R – Are you fluent in Unicode yet

asciiinternationalizationlanguage-agnosticunicode

Almost 5 years ago Joel Spolsky wrote this article, "The Absolute Minimum Every Software Developer Absolutely, Positively Must Know About Unicode and Character Sets (No Excuses!)".

Like many, I read it carefully, realizing it was high-time I got to grips with this "replacement for ASCII". Unfortunately, 5 years later I feel I have slipped back into a few bad habits in this area. Have you?

I don't write many specifically international applications, however I have helped build many ASP.NET internet facing websites, so I guess that's not an excuse.

So for my benefit (and I believe many others) can I get some input from people on the following:

  • How to "get over" ASCII once and for all
  • Fundamental guidance when working with Unicode.
  • Recommended (recent) books and websites on Unicode (for developers).
  • Current state of Unicode (5 years after Joels' article)
  • Future directions.

I must admit I have a .NET background and so would also be happy for information on Unicode in the .NET framework. Of course this shouldn't stop anyone with a differing background from commenting though.

Update: See this related question also asked on StackOverflow previously.

Best Answer

Since I read the Joel article and some other I18n articles I always kept a close eye to my character encoding; And it actually works if you do it consistantly. If you work in a company where it is standard to use UTF-8 and everybody knows this / does this it will work.
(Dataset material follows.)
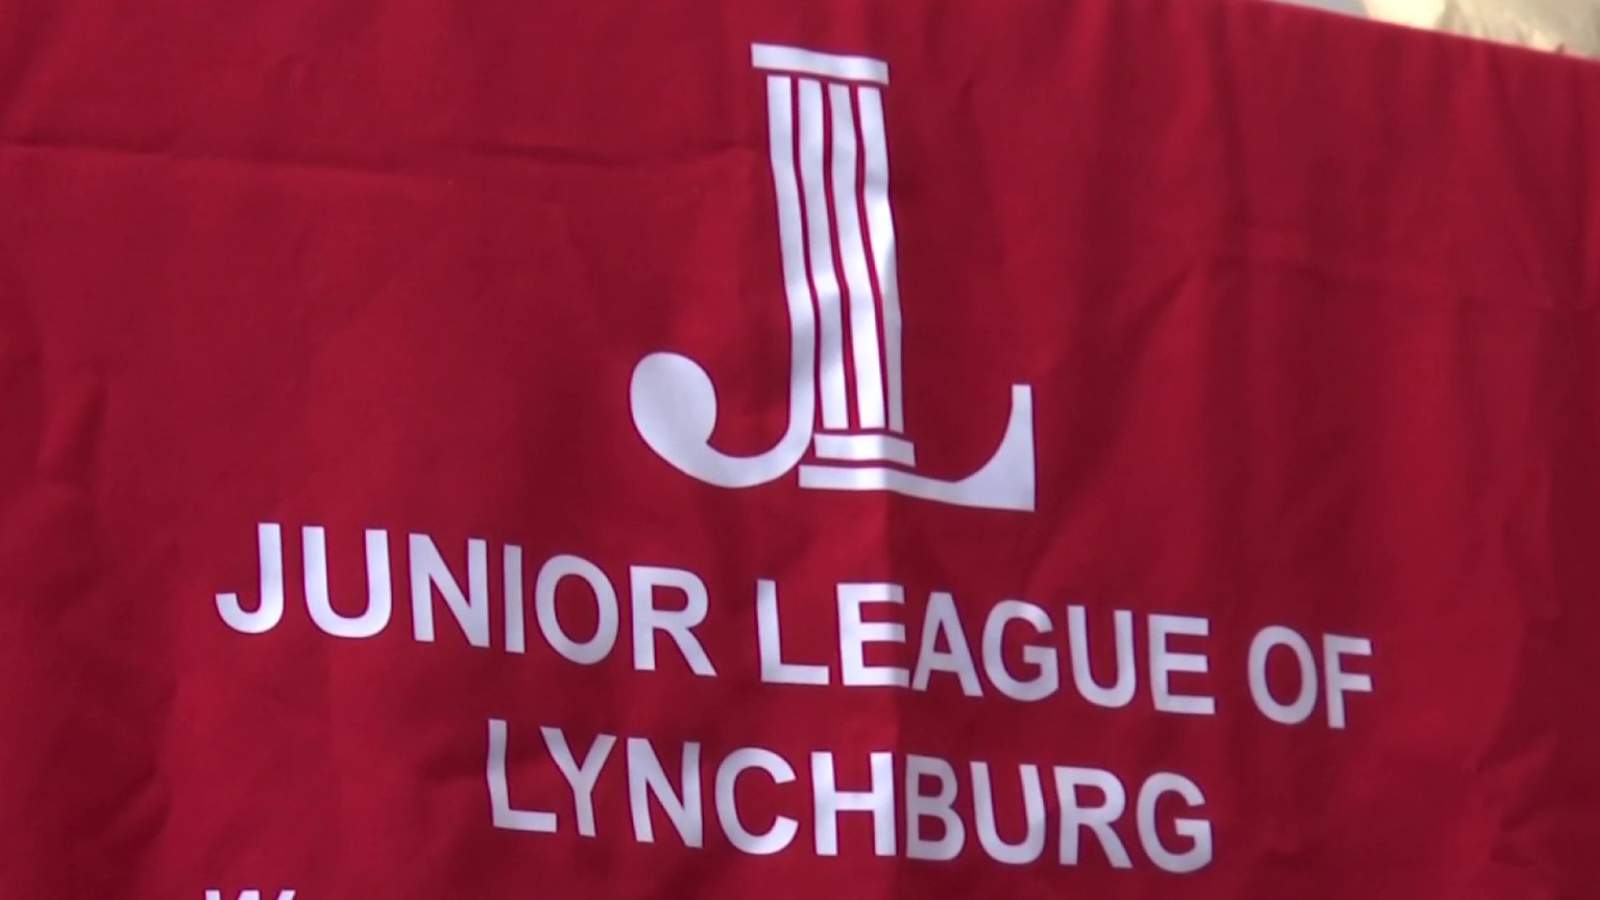 Junior League of Lynchburg launches P.A.D. Center to distribute hygiene products to those in need

Here some interesting articles (besides Joel's article) on the subject:

A quote from the first article; Tips for using Unicode:

  • Embrace Unicode, don't fight it; it's probably the right thing to do, and if it weren't you'd probably have to anyhow.
  • Inside your software, store text as UTF-8 or UTF-16; that is to say, pick one of the two and stick with it.
  • Interchange data with the outside world using XML whenever possible; this makes a whole bunch of potential problems go away.
  • Try to make your application browser-based rather than write your own client; the browsers are getting really quite good at dealing with the texts of the world.
  • If you're using someone else's library code (and of course you are), assume its Unicode handling is broken until proved to be correct.
  • If you're doing search, try to hand the linguistic and character-handling problems off to someone who understands them.
  • Go off to Amazon or somewhere and buy the latest revision of the printed Unicode standard; it contains pretty well everything you need to know.
  • Spend some time poking around the Unicode web site and learning how the code charts work.
  • If you're going to have to do any serious work with Asian languages, go buy the O'Reilly book on the subject by Ken Lunde.
  • If you have a Macintosh, run out and grab Lord Pixel's Unicode Font Inspection tool. Totally cool.
  • If you're really going to have to get down and dirty with the data, go attend one of the twice-a-year Unicode conferences. All the experts go and if you don't know what you need to know, you'll be able to find someone there who knows.